Interesting that Mark Steyn can write this piece without ever mentioning the US' ability to use its ICBMs to turn Iran into a flat piece of glass. The strategic nuclear force of the United States (and of the French, Chinese, Soviets and, locally, the Israelis) should be enough to prevent any sane person from entertaining any fantasies of removing Anglo-Saxons, Europeans, Israelis, Soviets, or Chinese people from the face of the Earth. (And don't discount Japan, which could develop a nuclear system in a matter of months if the Japanese people felt truly threatened by North Korea. For now, it exists under the American nuclear shield.)
It never really mattered if "missile defence" works. The system is just one way of deterring nutters, but the Iranians, masters of urban terrorism, know that there's more than one way to transport a bomb. You don't need a Long Dong when you can deliver a nuke to Prague or Warsaw in the trunk of a BMW.
So why not, huh?
Because there's no upside for Tehran. Except for the rent-a-crowds dancing in the streets, the smart Iranians, even the most Jihad-eager, will know the jig is up.
Not that the Iranians ever gave much thought to nuking Warsaw or Prague. The missile defence system was about marking territory in the parts of Europe that were occupied by the Red Army in 1944-45. This is about rolling the Russians back to their late September, 1939 borders (still keeping the half of Poland they seized under the Molotov-Ribbentrop Pact of August, 1939, along with East Prussia).
Americans believe the fall of the Soviet empire in Eastern Europe had something to do with American military strength. That's because the American media can't see past New York. The Iron Curtain came down because of the European Union and the power of the West German mark (now renamed the Euro). Russia retreated from Europe because it could offer nothing to compete with the new Germany's political and economic hegemony that had spread into Hungary and the Balkans. P. J. O'Rourke got it right when he said nobody wanted to buy Bulgarian tennis shoes.
Now the old Warsaw Pact countries are members of the EU. They have what they want: Russians back in Russia, real money instead of zloties, freedom to travel, to publish, to listen to Kanye West. Putin may want back into Eastern Europe, to rebuild the Russian Empire to its old Czarist maximum (to the city of Warsaw). He might even want to try for the Elbe and the Danube. But he's up against the EU, especially Germany. And if anyone thinks Germany will give up economic dominance of Poland, the Danube Valley, the Balkans and the Baltic -- the very thing for which it fought two world wars -- they should never underestimate the skill of Germans with fine tools.
But, unless Putin is incredibly dense, this is not 1948. Russia no longer needs a buffer in Eastern Europe (and, in any case, has one with the Ukraine and Byelorussia, which will never be allowed to evolve into anything more that satellites).

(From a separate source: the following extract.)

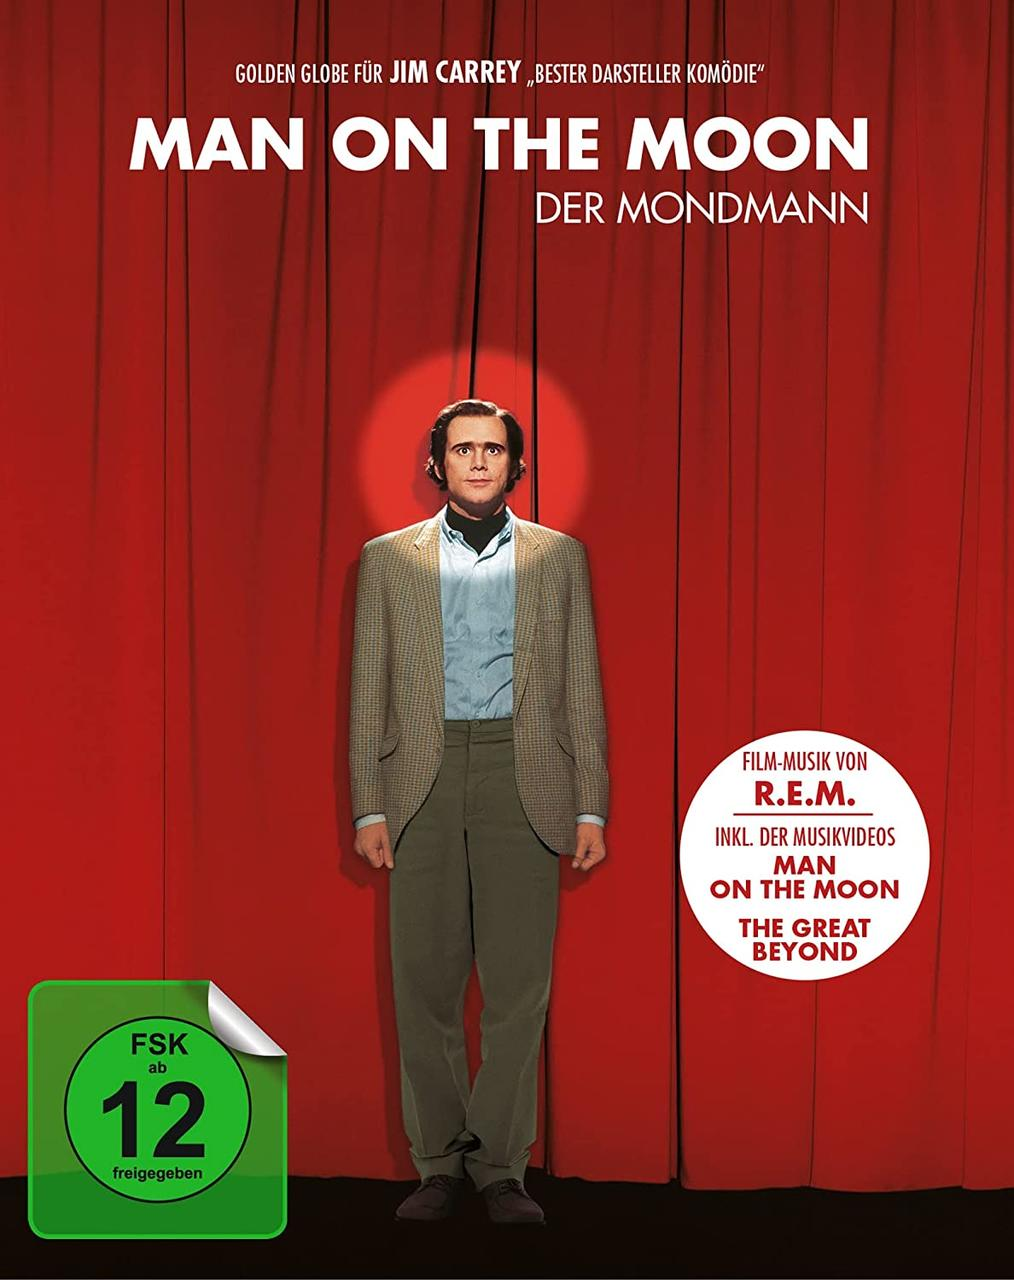 Blu-ray + Mondmann DVD Der
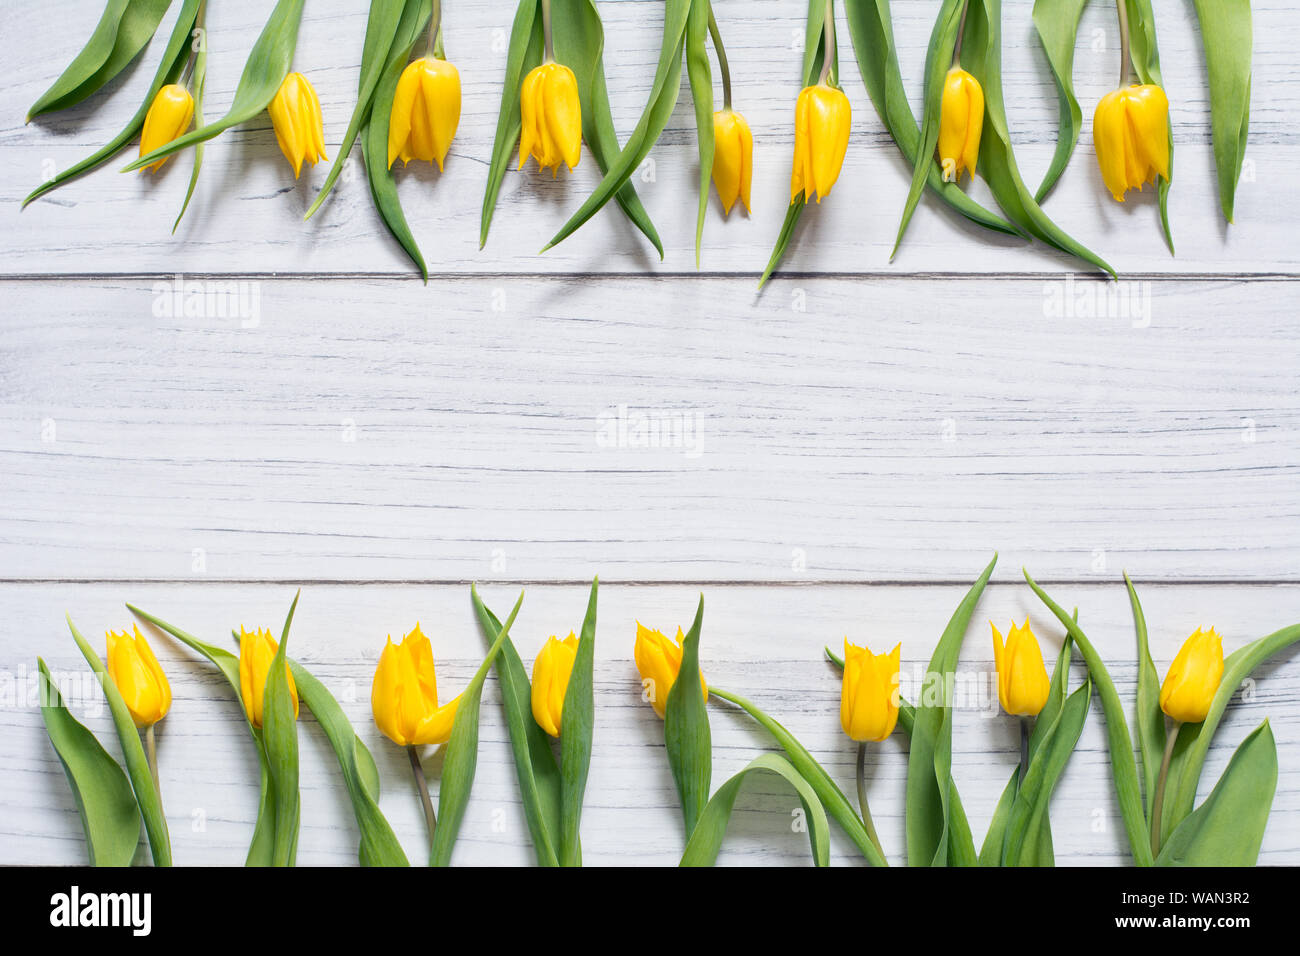 Feder Grenze mit zwei Reihen von gelben Tulpen auf weißem Holz- Hintergrund Stockfoto

As Doug Saunders ably points out in the Globe and Mail, this game is about more than the fallout of the events of 1989. The geopolitical centre of trouble has shifted to Iran and the Middle East and will stay there as long as Islamicism remains an aggressive force in the region. There, many of the old rules don't hold -- at least in the minds of the Jihadists. The Russians know better than to use Iran for anything but mischief. Moscow's generals probably look upon the NATO campaign in Afghanistan with some mirth. In return for dropping its troublesome missile shield, Washington may have earned some Russian help in western Asia, the place where American troops are fighting today. But in the end, missile shield or no, the Iranians, the only people in western Asia who are likely to attack anyone with anything resembling a ballistic missile, have the ball.
What they do with it depends on whether they believe their own rhetoric, or if Tehran's nasty talk is just part of the mechanism that keeps the mullahs in power.